I didn’t think the final boss was very hard. It was easy to keep him stunlocked and my attacks did a lot of damage. Now after this, everyone goes back to their homes.

So overall this is an impressive technological display of what the Super Famicom can do. And I wouldn’t say it’s a bad game. But the development problems really show, and the annoying amount of backtracking coupled with the high encounter rate can be tedious (although you can use an ability called Scout to reduce the rate).

I believe that Tri Ace immediately started working on Star Ocean 2 and my understanding is that game is a bit more polished than this one. I’d like to play it some day.

4 thoughts on “SFC Game 119 – Star Ocean

  1. Endy

    It’s surprising that you were familiar with Byuu, it’s a legend in sfc emulation. Damn, it’s boring and sad without this guy now. He was a strange and edgy guy, an eccentric in a good way. Constant mood swings. But damn, a very talented programmer, he is a super coding professional.
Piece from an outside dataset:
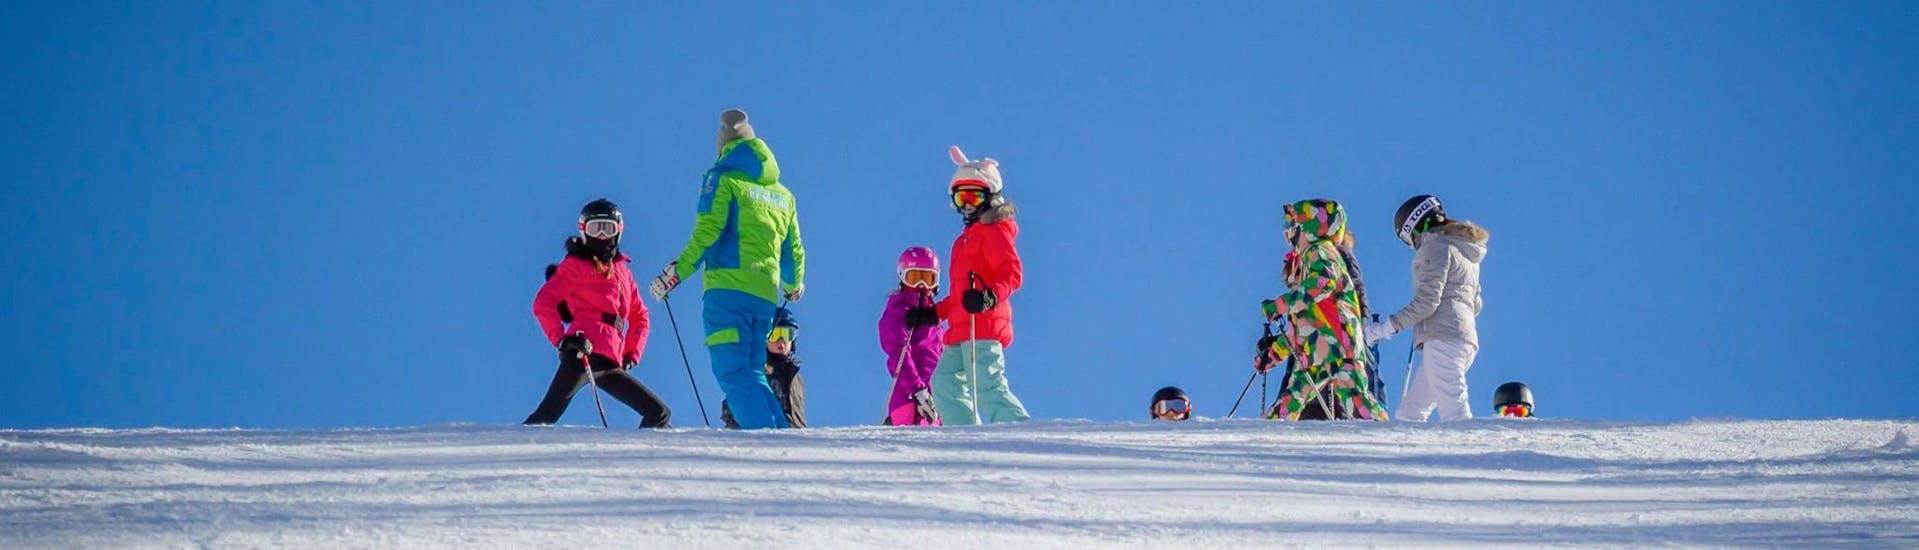 Skilessen voor kinderen vanaf 4 jaar voor alle niveaus.

This whole situation with him is strange, kiwi farm are still obsessed with him and his disappearance and believe that this is all a fake. Allegedly, they did not find any information in Japan. What do you think about all this?

    1. kurisu Post author

      As much as I would like to believe that, I don’t think it’s true. I don’t have time to find the link now but someone on reddit linked to a news story that had actually talked to near’s job in Japan and confirmed it. The supposed proof that they are still alive is that the US state department didn’t list the death, but other people have said that this is not iron-clad proof since not all deaths are announced in that way.
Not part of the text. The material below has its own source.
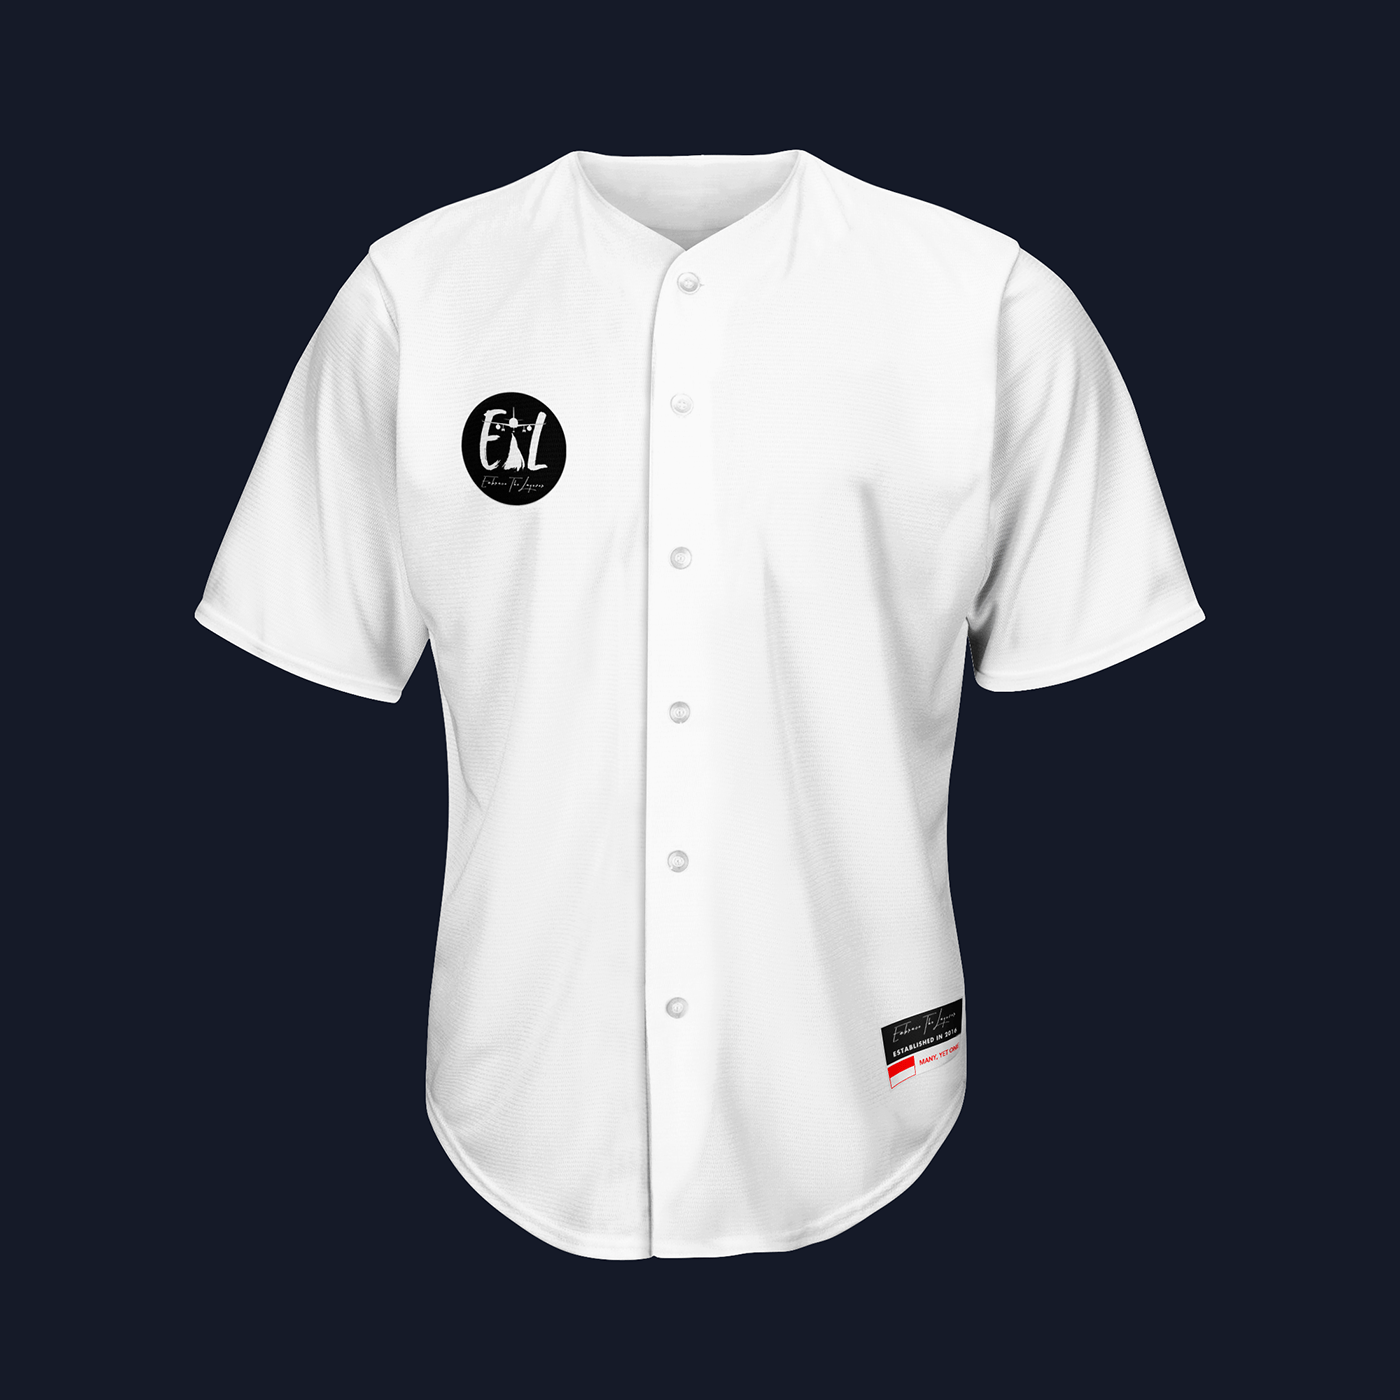 Jersey Design T-Shirt Design

      The only thing that made me think it might have been true is that near was always adamant about wishing they could completely leave the Internet — and they actually did that when they moved to Japan but during covid they got sucked back into online stuff because of not being able to go out in real life.

  2. Morpheus Kitami

    Star Ocean is one of those weird franchises to me, because by the time I heard of it, it wasn’t necessarily because it was a good game, rather, because people were talking about the infamous twist that more or less killed off the series. Kind of hard to muster up interest in a series when it completely fails the ending.

    1. kurisu Post author

      I actually liked the SO3 plot twist — maybe it’s because I never played the other games, but I also never fully understood the argument that it invalidates or destroys the stories of the others. The game after the twist addresses that issue.